Two Tunisians Immolate Themselves in Echo of ‘Arab Spring’ Uprising

Police cars and a military armored personnel carrier block the entrance of the Tunisian parliament in Tunis, Tuesday, July 27, 2021. The Ennahda party, has called for dialogue, following President Kais Saeid's sacking of the prime minister and suspension of parliament on Sunday. (AP Photo/Hassene Dridi)
AP Photo/Hassene Dridi

Two men in Tunisia set themselves on fire over the past few days to protest living conditions in their country, reprising the event that set the “Arab Spring” uprisings of 2011 in motion.

The Arab Spring began when a 27-year-old street vendor named Mohammed Bouazizi set himself on fire outside the local governor’s office, enraged by the confiscation of his merchandise and callous treatment by regulatory officials. Bouazizi died of his injuries after two weeks in the hospital, galvanizing a popular uprising that eventually drove dictator President Zine al-Abidine Ben Ali from the country after two decades in power.

Tunisia is once again ruled by a dictator, President Kais Saied. Saied won office in 2019 as an outsider crusading against corruption and promising dramatic reforms. In August 2021, he suspended the Tunisian parliament and seized absolute power, supposedly a temporary move while he imposes the most challenging reform policies. 

On Saturday, Saied announced he was preparing to amend or nullify the national constitution, although he promised in a live television address that his proposed “amendments” would be enacted through the proper legal “framework.” 


EDITORS NOTE: Graphic content / A man, who set himself on fire, is helped by passersby and Tunisian police officers in the Habib Bourguiba avenue in the capital Tunis on September 11, 2021, before being taken to hospital for treatment. (Photo by SOFIENE HAMDAOUI/AFP via Getty Images)

Saied’s advisors suggested he plans to impose a new constitution through a national referendum, overruling objections from Tunisia’s political parties. Among other obstacles, Tunisian constitutional law states that amendments can only be put to a referendum after securing approval by two-thirds of parliament, and Tunisia does not have a parliament at the moment.

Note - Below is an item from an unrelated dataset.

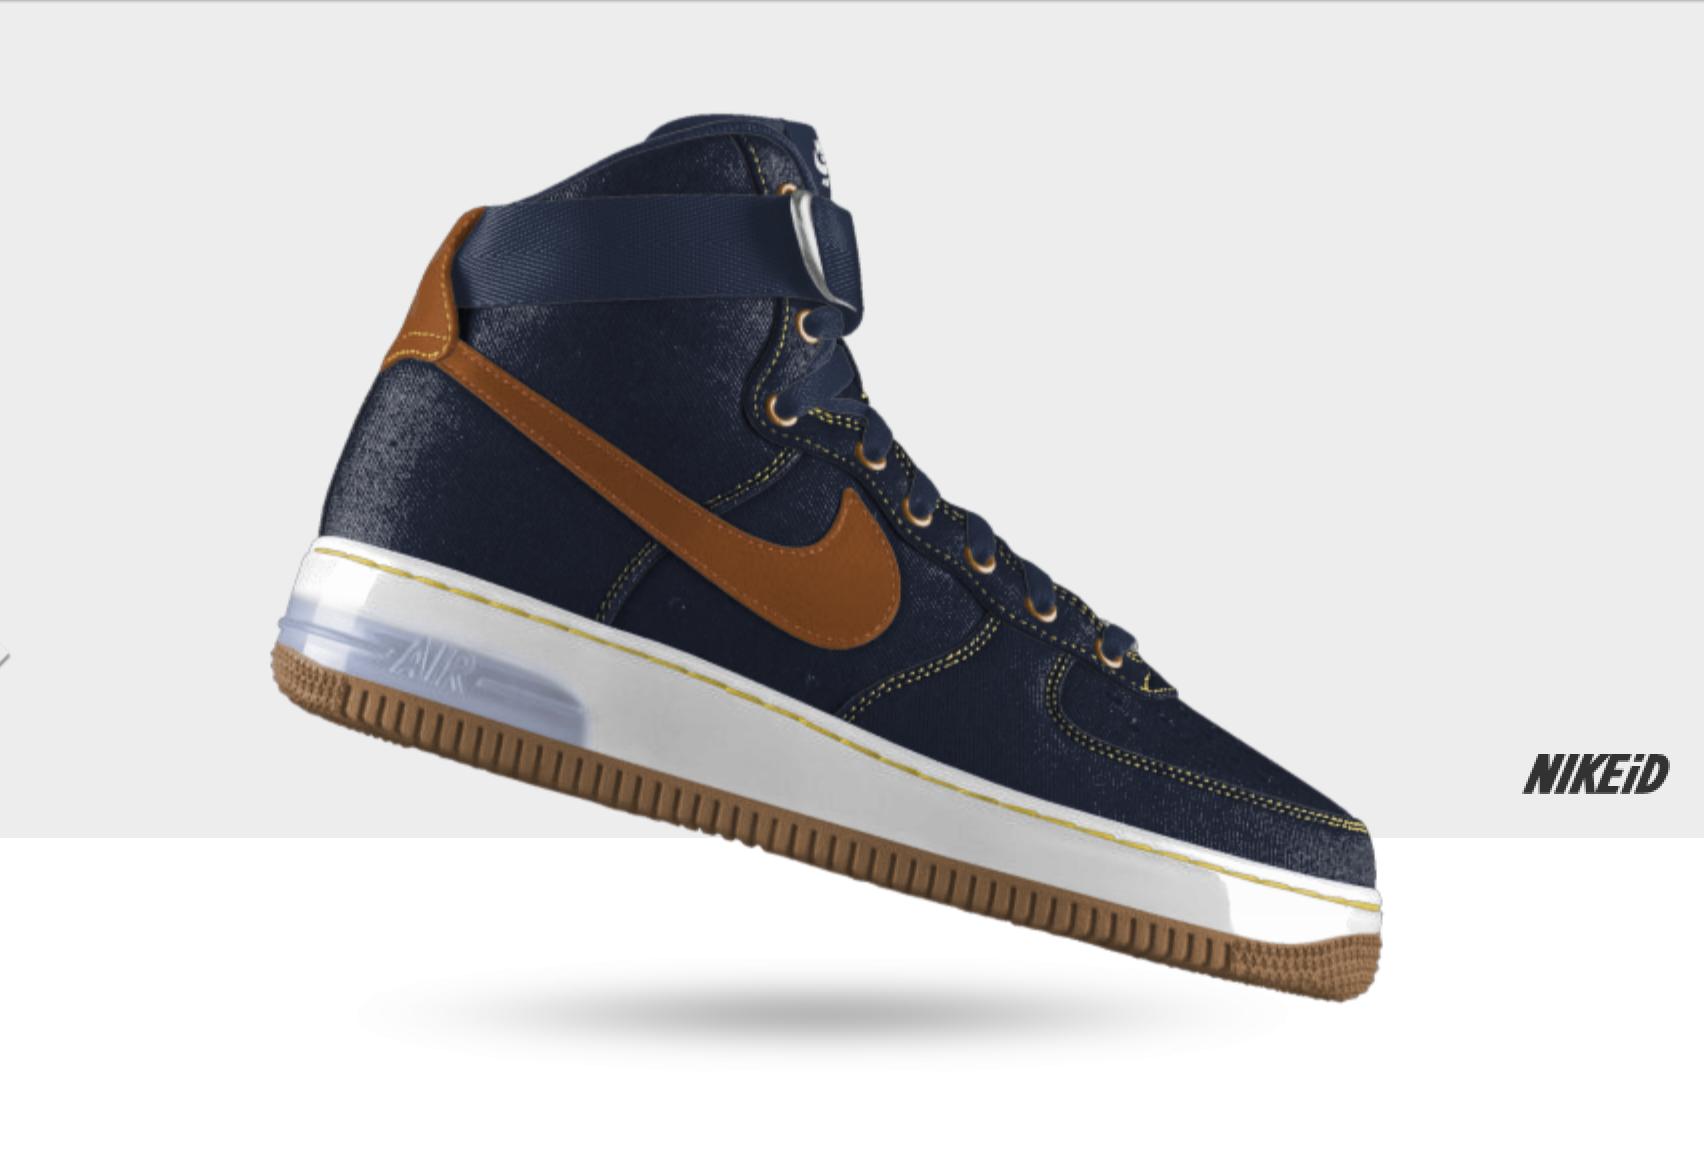 Nike Air Force 1 iD Denim and Goat
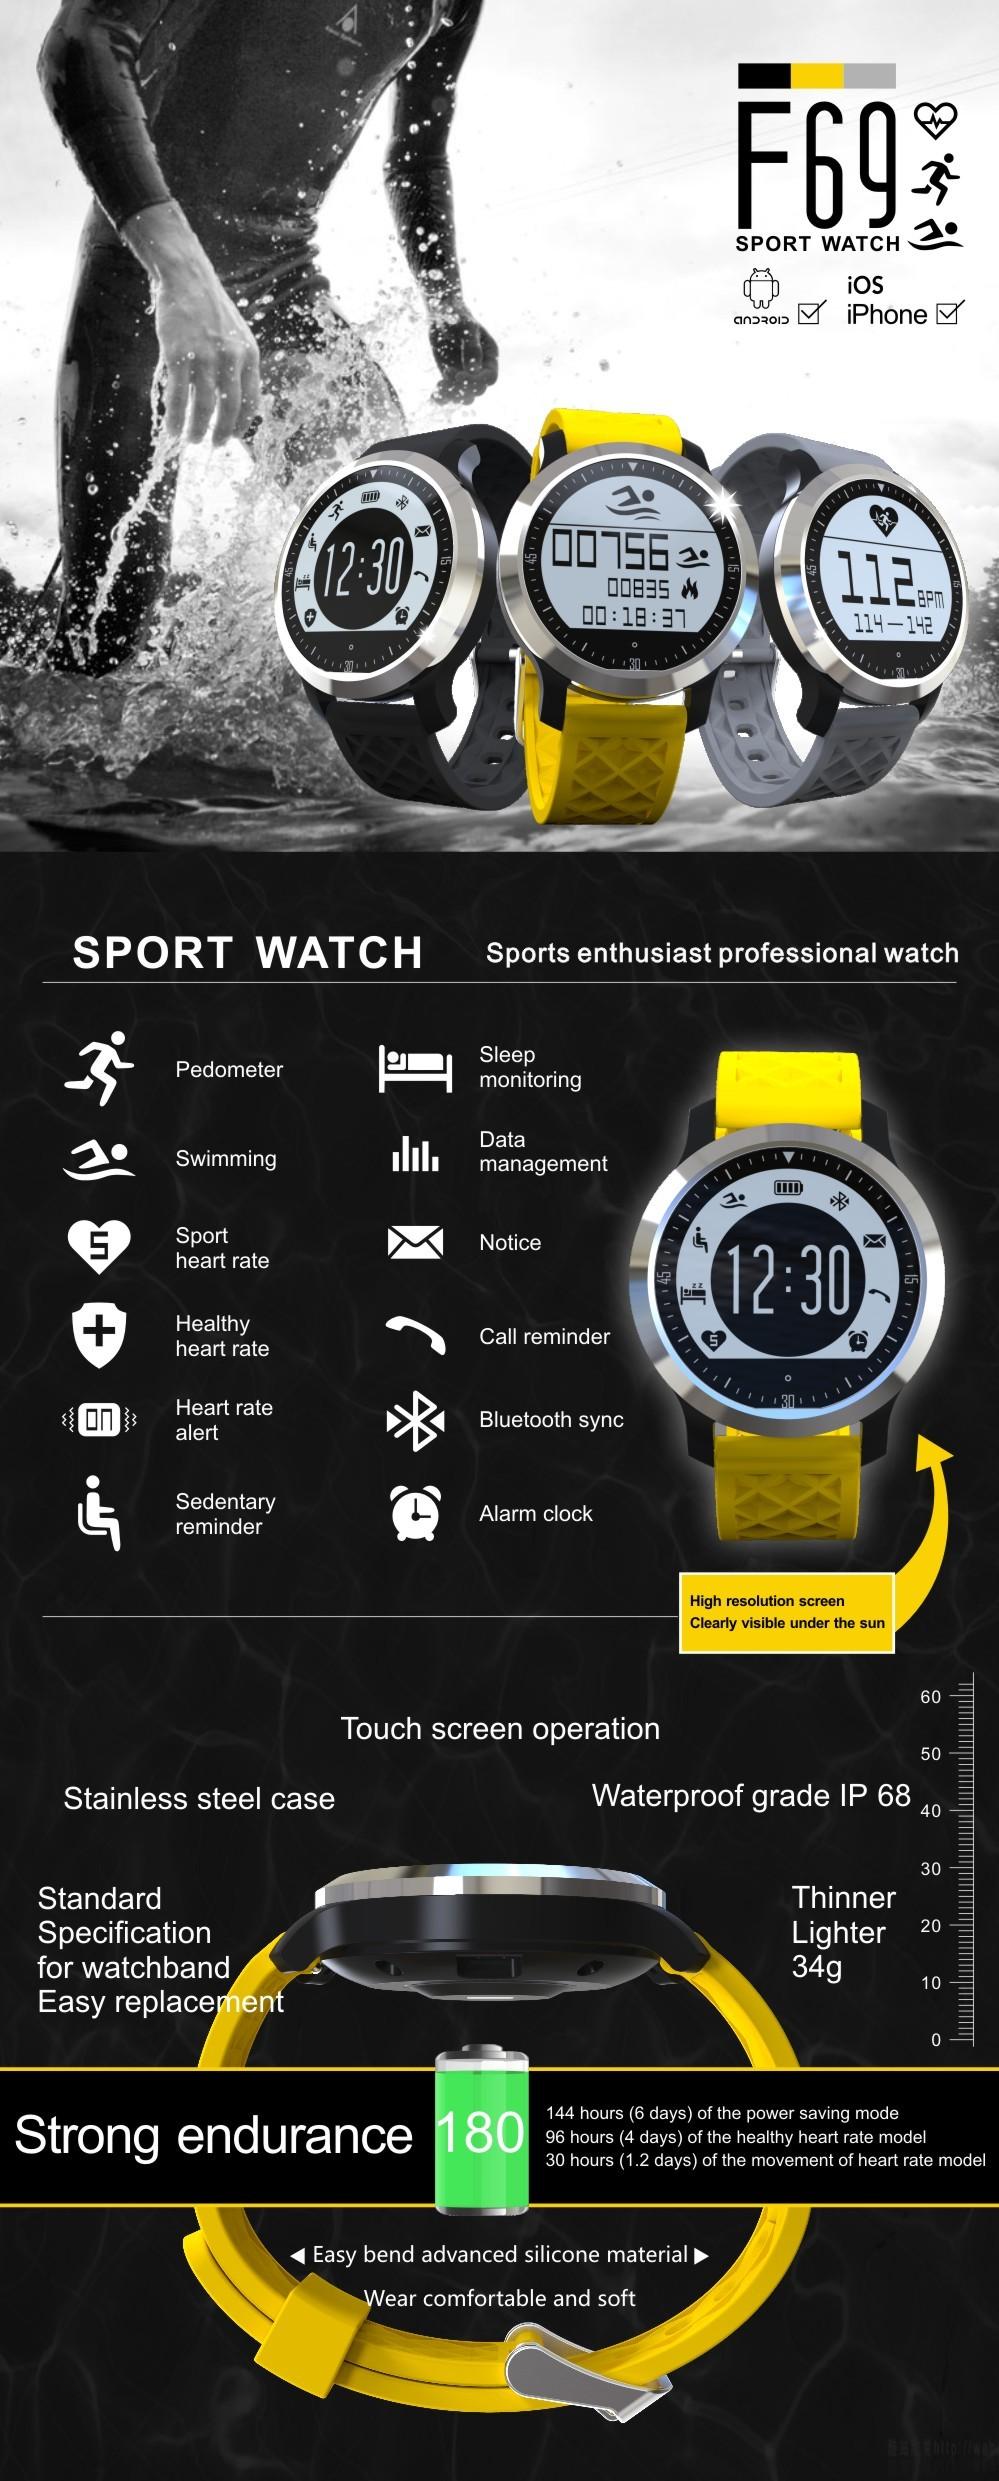 ถูก IP68กันน้ำว่ายน้ำกีฬานาฬิกาสมาร์ทโทรข้อความเตือนsmartwach android ios pedometerนอนmonintorติดตามสุขภาพ

Last week, a 26-year-old man named Neji Hefiane set himself on fire in front of his family and died in the hospital. The Hefiane family said he suffered gunshot wounds to the head during the early days of the Arab Spring uprising but never received the government aid he was promised, even after his father appealed directly to President Saied.

“It was the injustice and marginalization he suffered that pushed my son to kill himself,” his father said.

“My brother didn’t get anything he was entitled to, neither free healthcare nor a guaranteed job. He asked everywhere but was only met with neglect, including from the president,” Neji’s sister added.

A second man, age 35 but as yet unnamed by Tunisian officials, set himself ablaze on Saturday on a street corner in the heart of Tunis, the national capital. He reportedly tried to get the attention of journalists before dousing himself in flammable liquid and setting himself on fire.

Lawyer Lamia Farhani told AFP that a disturbing number of Tunisians who were injured during the 2011 uprising are “threatening to kill themselves.”

“There is no political will to guarantee [their] basic rights,” said Farhani, who runs a foundation to benefit the “martyrs and wounded” from the Arab Spring.

“The state and all the governments that have come and gone since 2011 are responsible for the state of despair and disgust among these people,” she said.